La monnaie unique va se dématérialiser. C’est du moins le souhait de la Commission européenne qui a dévoilé son projet. Explications.
La Commission européenne a présenté un cadre législatif pour le futur euro numérique, version dématérialisée de la monnaie unique, un projet qui suscite fantasmes complotistes et hostilité des banques et qui doit encore convaincre de son utilité. La devise électronique ne sera qu’une option de paiement, en complément des espèces. Stockée sur une carte ou un téléphone mobile, elle permettra des paiements en ligne, mais aussi des paiements sans aucune connexion internet qui préserveront autant l’anonymat que le font les pièces et billets.
Qu’apportera-t-il alors que l’argent dématérialisé est déjà couramment utilisé depuis des décennies à travers une multitude de services financiers comme les cartes de crédit et plus récemment des applications mobiles de paiement? «Pour l’instant, l’euro numérique semble être une solution qui cherche un problème» à résoudre, ironise l’eurodéputé allemand Markus Ferber.

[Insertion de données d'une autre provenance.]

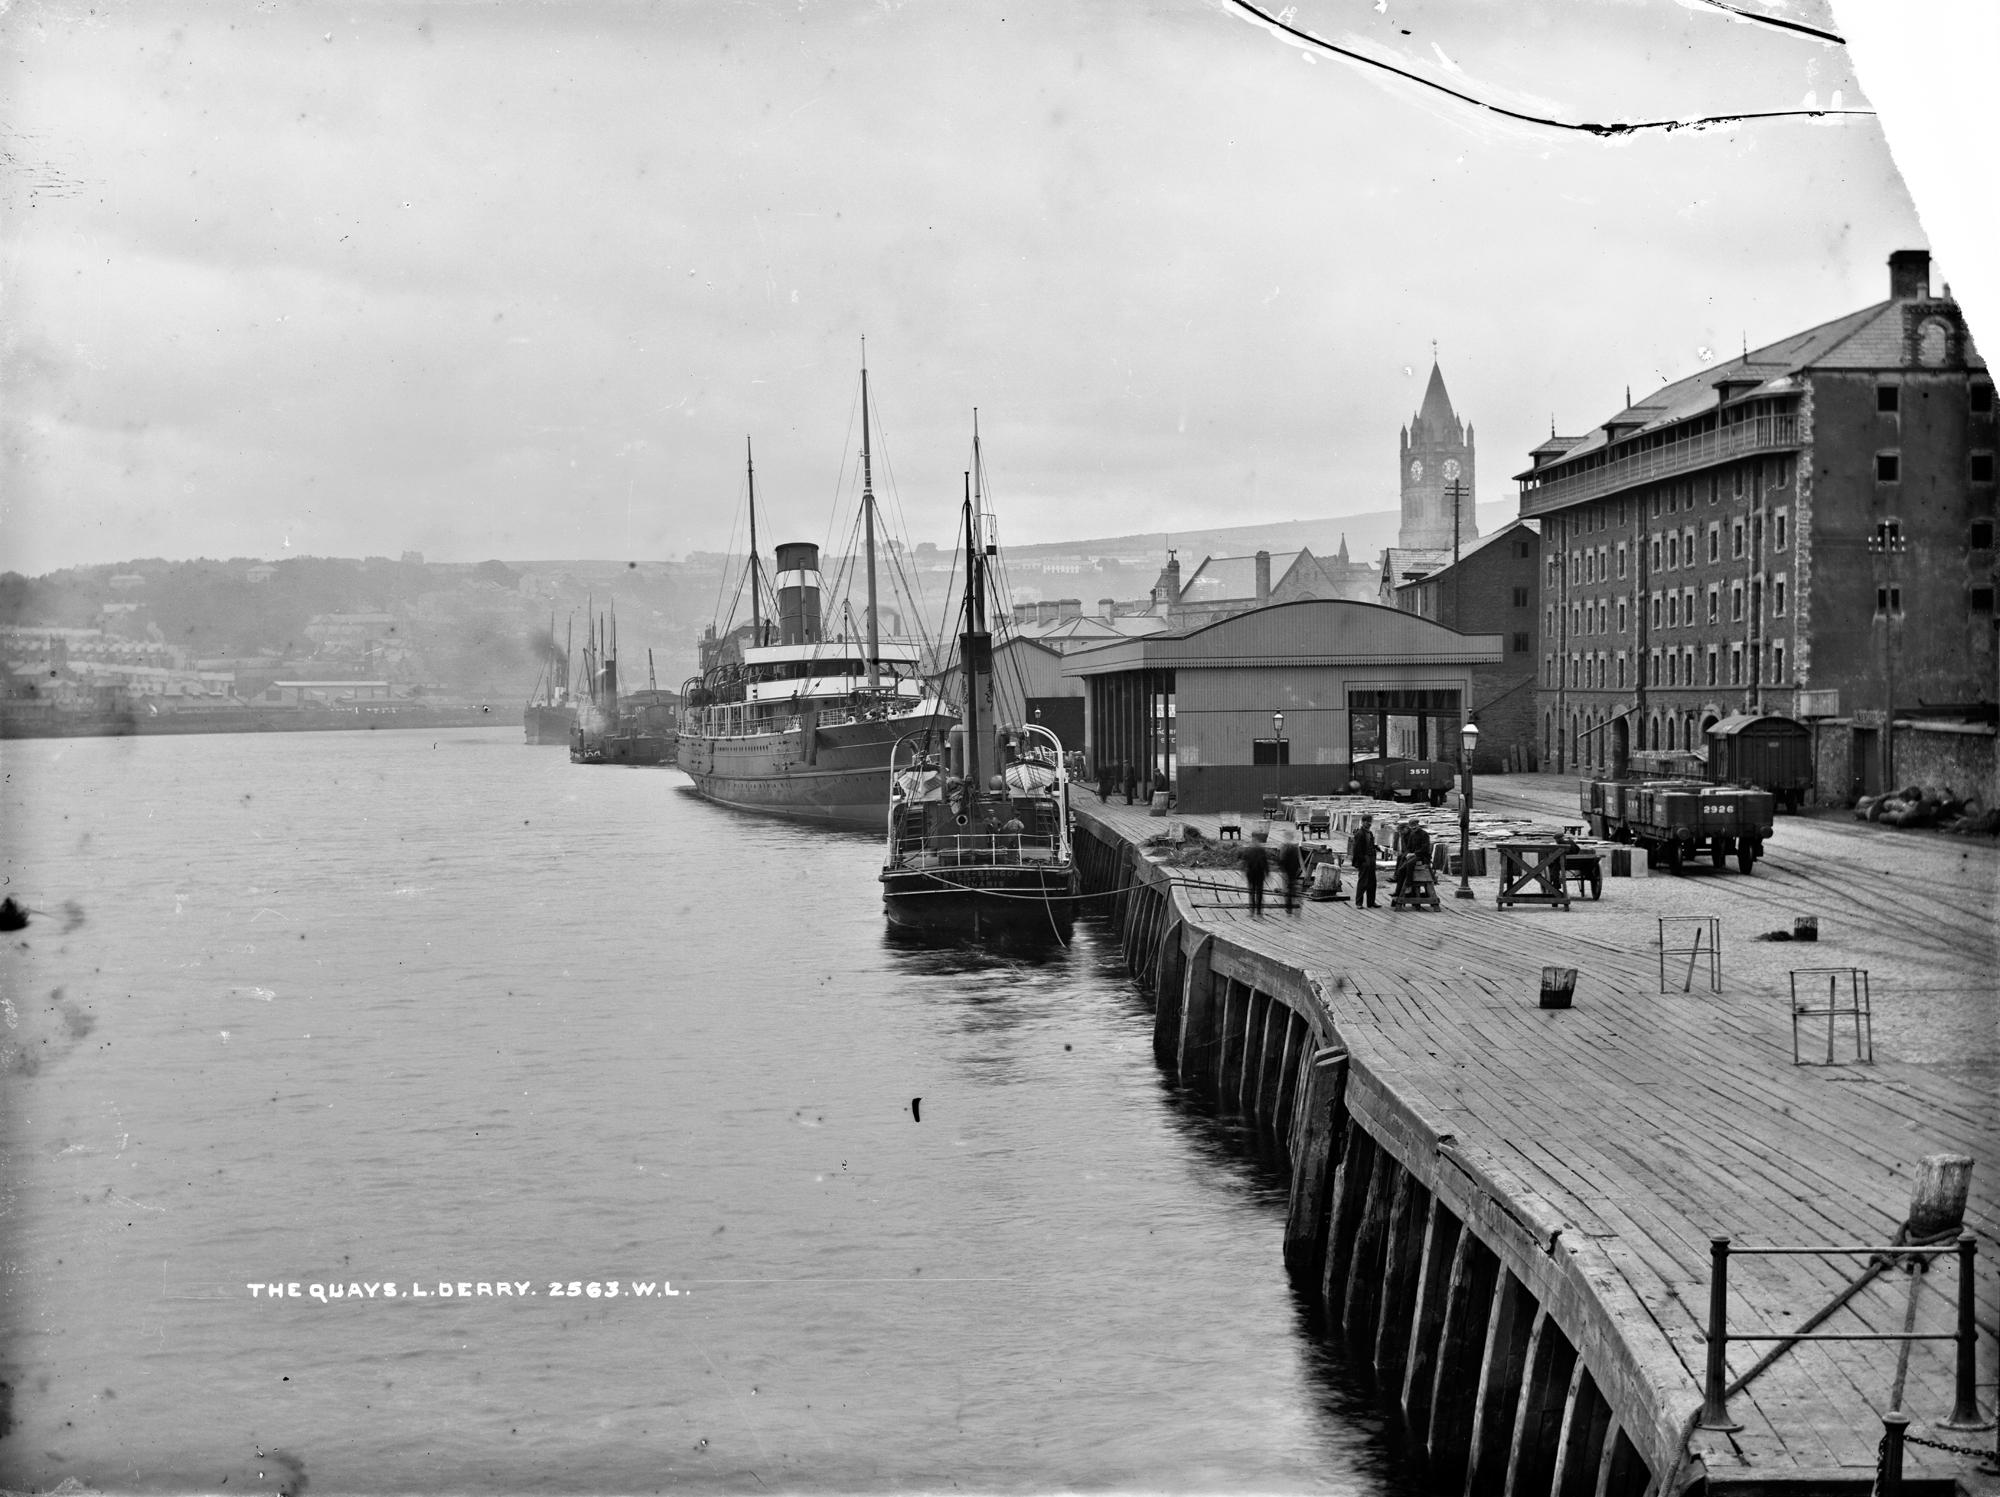 Quays, Derry City, Co. Derry

La Commission et la Banque centrale européenne (BCE) «doivent encore expliquer de manière convaincante pourquoi nous en avons besoin». L’euro numérique sera «accessible à tous, partout et gratuitement» dans les 20 pays ayant adopté la monnaie unique, a expliqué le vice-président de la Commission européenne, Valdis Dombrovskis. Il fournira «une alternative publique» aux moyens de paiements privés, largement dominés par les américains Visa et Mastercard.
«Plus de cent banques centrales à travers le monde travaillent actuellement à l’introduction d’une version numérique de leur monnaie, l’Europe ne peut pas rester à la traîne», a-t-il ajouté. La Chine teste déjà à grande échelle le yuan numérique.
Rendez-vous en 2027 ou 2028
Pour la BCE, la dématérialisation croissante des paiements, notamment avec l’essor du e-commerce, nécessite la création d’un euro électronique, au risque de voir la monnaie unique de plus en plus concurrencée par les cryptomonnaies ou des versions numériques de devises étrangères. L’institution de Francfort a lancé en juillet 2021 une phase d’étude pour fournir ses pièces et billets sous forme électronique à partir de 2027 ou 2028. Elle a annoncé qu’elle déciderait «à l’automne» de la suite à donner au projet, saluant le texte de la Commission qui en fixera le cadre juridique, une fois approuvé par les eurodéputés et les 27 États membres.
L’euro numérique suscite avant tout des inquiétudes alimentées par des campagnes de désinformation. Des internautes affirment sur les réseaux sociaux qu’il viserait à supprimer l’argent liquide pour permettre une surveillance généralisée des citoyens, à travers le contrôle de leurs achats et transactions financières. «Le cash ne disparaîtra pas», a assuré le commissaire européen à l’Économie, Paolo Gentiloni. «Il ne s’agit pas d’un projet Big Brother», a affirmé la commissaire aux Services financiers, Mairead McGuinness, lors d’une conférence de presse à Bruxelles.
«Avec l’euro numérique, la confidentialité des données sera la même que pour les moyens de paiement numériques déjà existants. Avec les paiements en ligne, elle sera même plus élevée.» La devise électronique aura cours légal dans l’ensemble de la zone euro. Mais les très petites entreprises et certaines associations à but non lucratif pourront refuser de le recevoir en paiement, tout comme les particuliers dans le cadre de leurs transactions personnelles, selon le projet de règlementation.
Service universel et gratuit, l’euro numérique pourrait faciliter la vie des quatre millions d’Européens actuellement privés de compte en banque alors que le paiement en ligne devient un besoin fondamental. Le projet «contient de nombreuses avancées positives pour les consommateurs», s’est félicitée Monique Goyens, directrice générale du Bureau européen des unions de consommateurs (BEUC). «Il est grand temps de rompre la dépendance à l’égard des grands systèmes internationaux de cartes de paiements.»
Mais les banques s’inquiètent de possibles pertes de revenus et des risques pour la stabilité financière si les particuliers retiraient massivement les dépôts de leurs comptes courants pour les stocker en euros numériques. Comme les pièces et billets, ils ne seront pas inscrits dans leur bilan. Pour rassurer les établissements financiers, le texte de la Commission prévoit que la BCE «développera des instruments pour limiter l’utilisation de l’euro numérique comme réserve de valeur».
En clair, elle imposera à chaque particulier un montant plafond d’euros détenus sous cette forme. Il pourrait atteindre 3 000 euros, a suggéré en mai un responsable de la BCE. Les utilisateurs «n’auront pas de relation contractuelle avec la BCE», précise encore le texte. L’euro numérique sera distribué par les banques qui pourront l’intégrer dans leurs services existants. «Un euro numérique, s’il est bien conçu, pourrait soutenir l’autonomie stratégique de l’Europe», a estimé la Fédération bancaire européenne, dans un communiqué. Mais «pour protéger les banques du risque de fuite des dépôts (…), il est important de fixer des limites», a-t-elle plaidé.